[Feature flag] Rollout of `malicious_packages_dependency_list_filtering`
Everyone can contribute. Help move this issue forward while earning points, leveling up and collecting rewards.
Summary
This issue tracks the rollout of the malware filter argument on the Dependency GraphQL APIs on production, which is currently behind the malicious_packages_dependency_list_filtering feature flag.
- Feature flag name:
malicious_packages_dependency_list_filtering - Feature flag type:
wip - Default enabled:
false - Introduced in: !235800 (merged)
- Feature issue: #587758
- Parent epic: &20573
Owners
- Team:
group::security infrastructure - Most appropriate Slack channel to reach out to:
#g_security-infrastructure - Best individual to reach out to: @bala.kumar
Expectations
What are we expecting to happen?
- When the flag is disabled (default): the
malwareargument onQuery.project.dependenciesandQuery.group.dependenciesraisesGitlab::Graphql::Errors::ArgumentErrorwith the message"The malware filter is not available.". - When the flag is enabled: the argument is accepted by the resolver. Until the finder integration follow-up lands, the argument is a no-op and dependencies are returned unfiltered.

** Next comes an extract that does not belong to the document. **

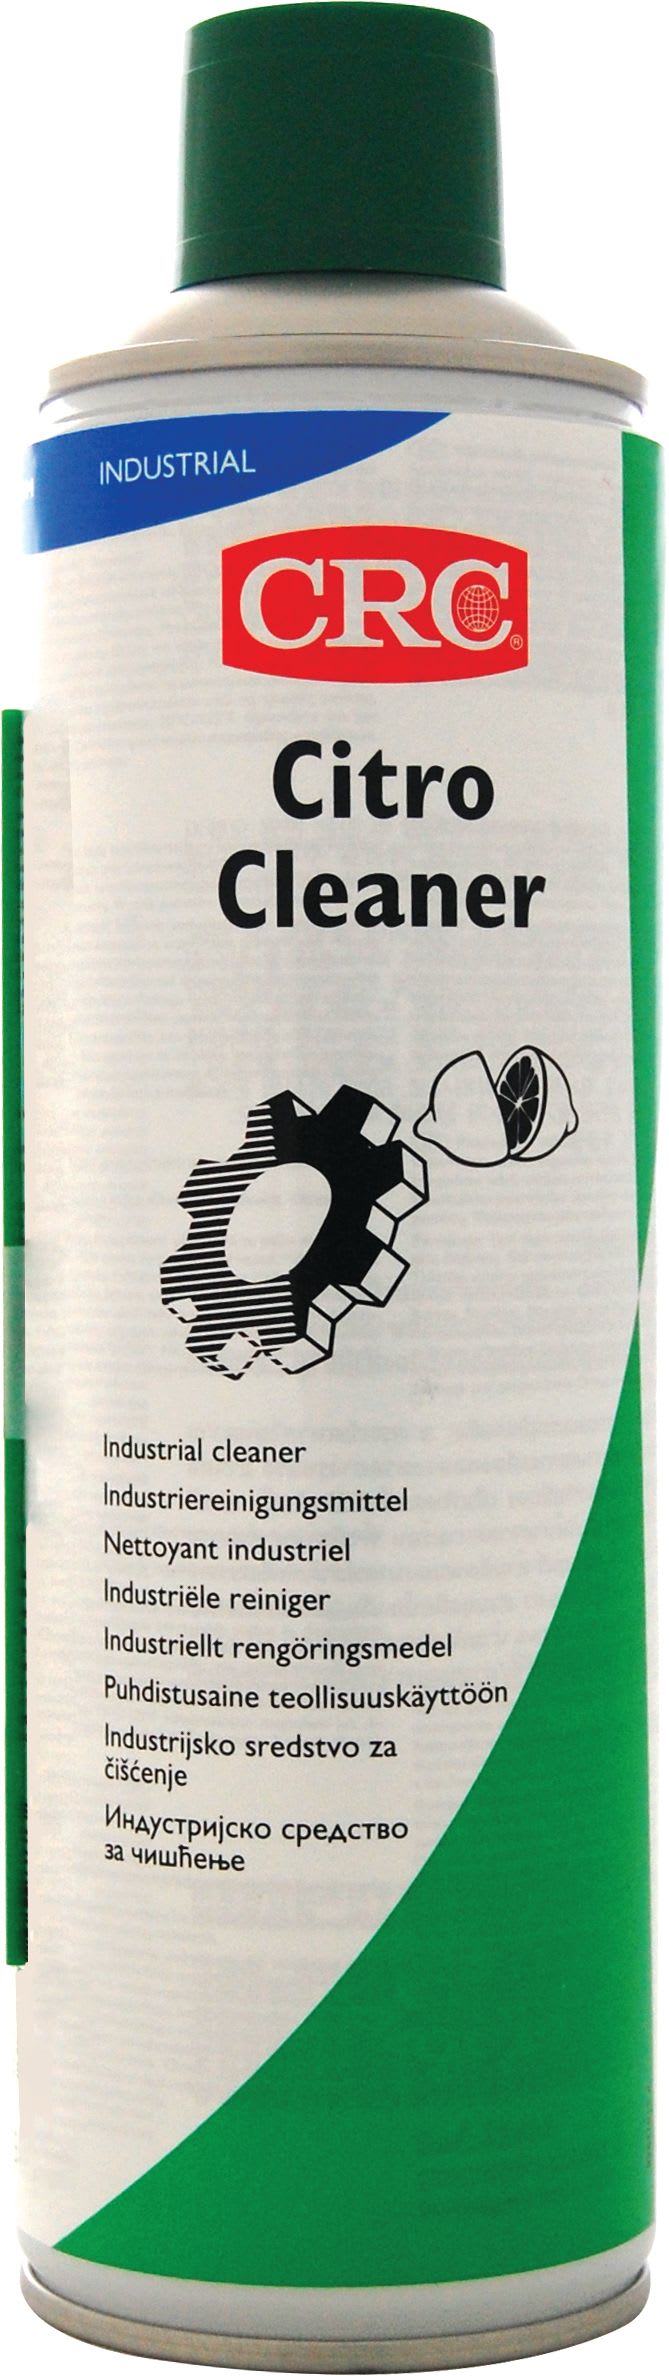 Kf - Citro Cleaner 5 L

- Once the finder integration is implemented in a follow-up MR, enabling the flag will activate actual filtering of dependencies by malware status (CWE-506 /
GLAM-*identifier prefix), gated by the SSCS add-on license check.
What can go wrong and how would we detect it?
- The GraphQL schema introspection picks up the new experimental argument: detectable via existing GraphQL schema snapshot specs.
- Once filtering is wired in, the PG join on identifiers may hit performance limits (&17619). Monitor:
- SQL slow log entries on
sbom_occurrencesjoins. - Apdex / latency on the dependency list endpoints in Grafana.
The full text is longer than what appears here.